CREATE TABLE IF NOT EXISTS `issuing_office` (
  `id` int(3) NOT NULL AUTO_INCREMENT,
  `issuing_office` varchar(255) NOT NULL,
  PRIMARY KEY (`id`),
  UNIQUE KEY `issuing_office` (`issuing_office`)
) ENGINE=MyISAM  DEFAULT CHARSET=latin1 AUTO_INCREMENT=1 ;

CREATE TABLE IF NOT EXISTS `manufactrur` (
  `id` int(5) NOT NULL AUTO_INCREMENT,
  `manufactrur` varchar(100) NOT NULL,
  PRIMARY KEY (`id`),
  UNIQUE KEY `manufactrur` (`manufactrur`)
) ENGINE=MyISAM  DEFAULT CHARSET=utf8 AUTO_INCREMENT=1 ;


CREATE TABLE IF NOT EXISTS `recommendation` (
  `id` int(5) NOT NULL AUTO_INCREMENT,
  `recommendation` varchar(50) NOT NULL,
  PRIMARY KEY (`id`),
  UNIQUE KEY `city` (`recommendation`)
) ENGINE=MyISAM  DEFAULT CHARSET=utf8 AUTO_INCREMENT=1 ;


CREATE TABLE IF NOT EXISTS `status_ins` (
  `id` int(5) NOT NULL AUTO_INCREMENT,
  `status_ins` varchar(50) NOT NULL,
  PRIMARY KEY (`id`),
  UNIQUE KEY `city` (`status_ins`)
) ENGINE=MyISAM  DEFAULT CHARSET=utf8 AUTO_INCREMENT=1 ;


CREATE TABLE IF NOT EXISTS `users` (
  `user_id` int(3) NOT NULL AUTO_INCREMENT,
  `user_name` varchar(20) NOT NULL,
  `user_password` varchar(50) NOT NULL,
  `user_email` varchar(50) NOT NULL,
  `user_rank` varchar(30) NOT NULL,
  `regdate` datetime NOT NULL,
  `last_login` datetime NOT NULL,
  PRIMARY KEY (`user_id`),
  UNIQUE KEY `user_name` (`user_name`)
) ENGINE=MyISAM  DEFAULT CHARSET=utf8 AUTO_INCREMENT=1 ;

Below is the code of loginB.php which checks the login detail submitted by the user


<?php
//start session
session_start();
//include config file
require_once("includes/config.php");

//validate forms
$user_name = mysql_real_escape_string(trim($_POST['user_name']));
$user_password = mysql_real_escape_string(trim($_POST['user_password']));


//Query
$query = "SELECT * FROM users WHERE user_name = '$user_name' AND user_password = SHA1('$user_password')";
$result = mysql_query($query) or die ("Could not verify user because : " . mysql_error());
if (mysql_num_rows($result) == 1) {
// The log-in is OK so set the user ID and user_name session vars in session

$row = mysql_fetch_array($result);
$_SESSION['user_id']   =  $row['user_id'];
$_SESSION['user_name'] =  $row['user_name'];
$_SESSION['user_email'] =  $row['user_email'];
$_SESSION['user_rank'] =  $row['user_rank'];
$_SESSION['regdate'] =  $row['regdate'];
$_SESSION['last_login'] =  $row['last_login'];
		header('Location: index1.php' );
		}
else 
{
$err = 'Incorrect Username or Password';
}
echo "$err";

echo '<a href="login.php" >Click here to login </a><br />';
?>

At this point I have two queries

  1. Is the above code secure enough from sql injections/hackers ?
  2. How can I update Last Login Details each time user Login ?

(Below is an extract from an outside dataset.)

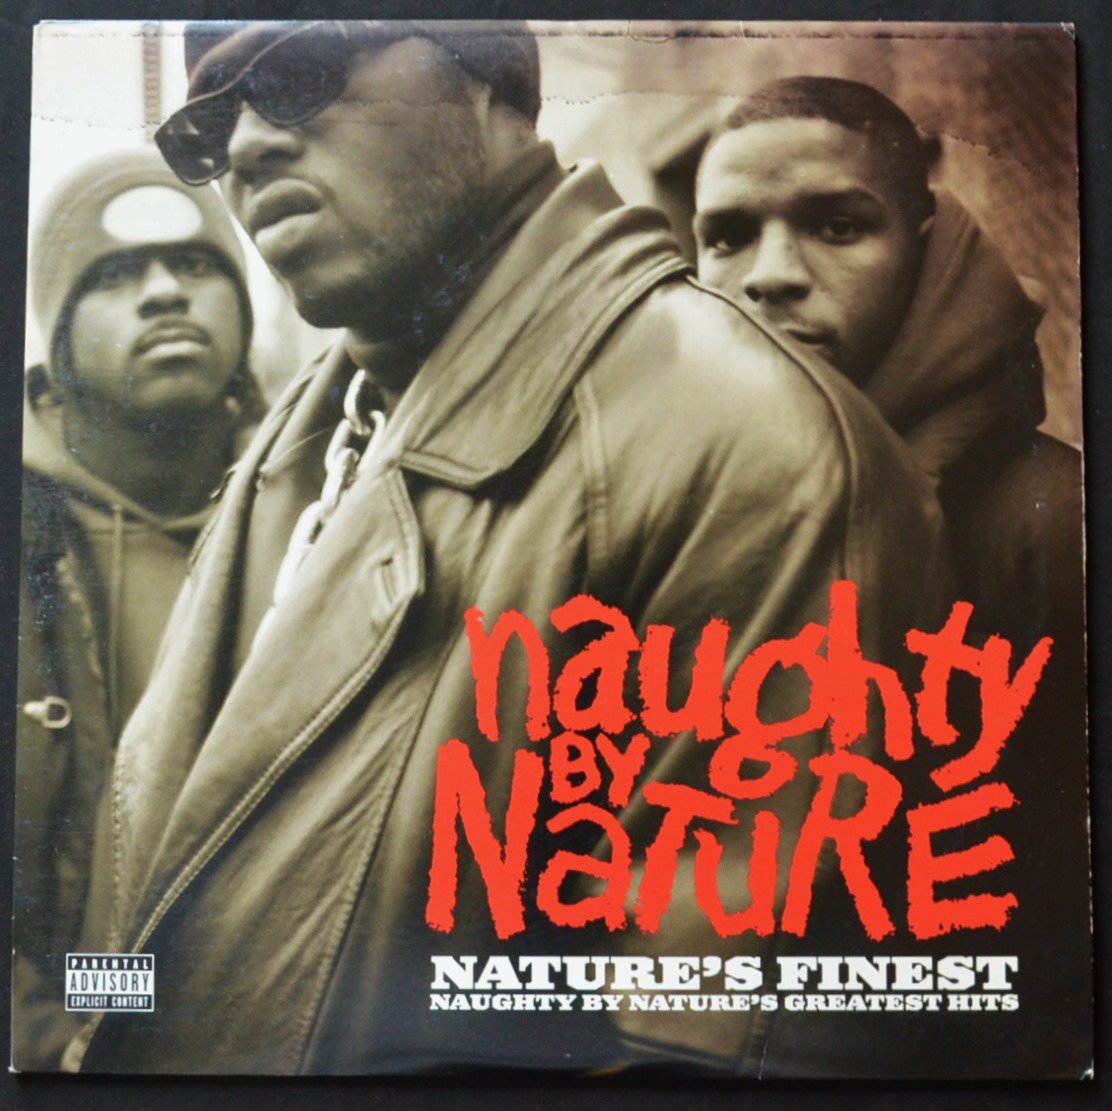 NAUGHTY BY NATURE / NATURE'S FINEST (NAUGHTY BY NATURE'S GREATEST HITS) (2LP)

You seem not to do any filtering on username or password, can you really login with a single letter? Surely you have a minimum length for a username?

I don’t like the or die() part. You should not give anything away about why a bad query caused a problem. Throw that into an error log instead.

On $err, relocate to a login page with a message, eg ?msg=1 which then maps to the written message.

Overall, I’d just learn to use PDO and forget all the escaping.

That’s just me though.

HTH

  • escaping strings is a bit old. Since php 5.2, filter_var is used to do something like this.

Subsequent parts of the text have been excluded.